Your task =
All lines below are to be transcribed exactly.
*** Opening of Material provided ***
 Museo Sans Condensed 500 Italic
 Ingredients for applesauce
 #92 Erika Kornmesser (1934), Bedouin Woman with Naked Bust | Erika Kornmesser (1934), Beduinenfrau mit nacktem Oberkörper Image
*** Close of Material provided ***
Your response =
 Museo Sans Condensed 500 Italic
 Ingredients for applesauce
 #92 Erika Kornmesser (1934), Bedouin Woman with Naked Bust | Erika Kornmesser (1934), Beduinenfrau mit nacktem Oberkörper Image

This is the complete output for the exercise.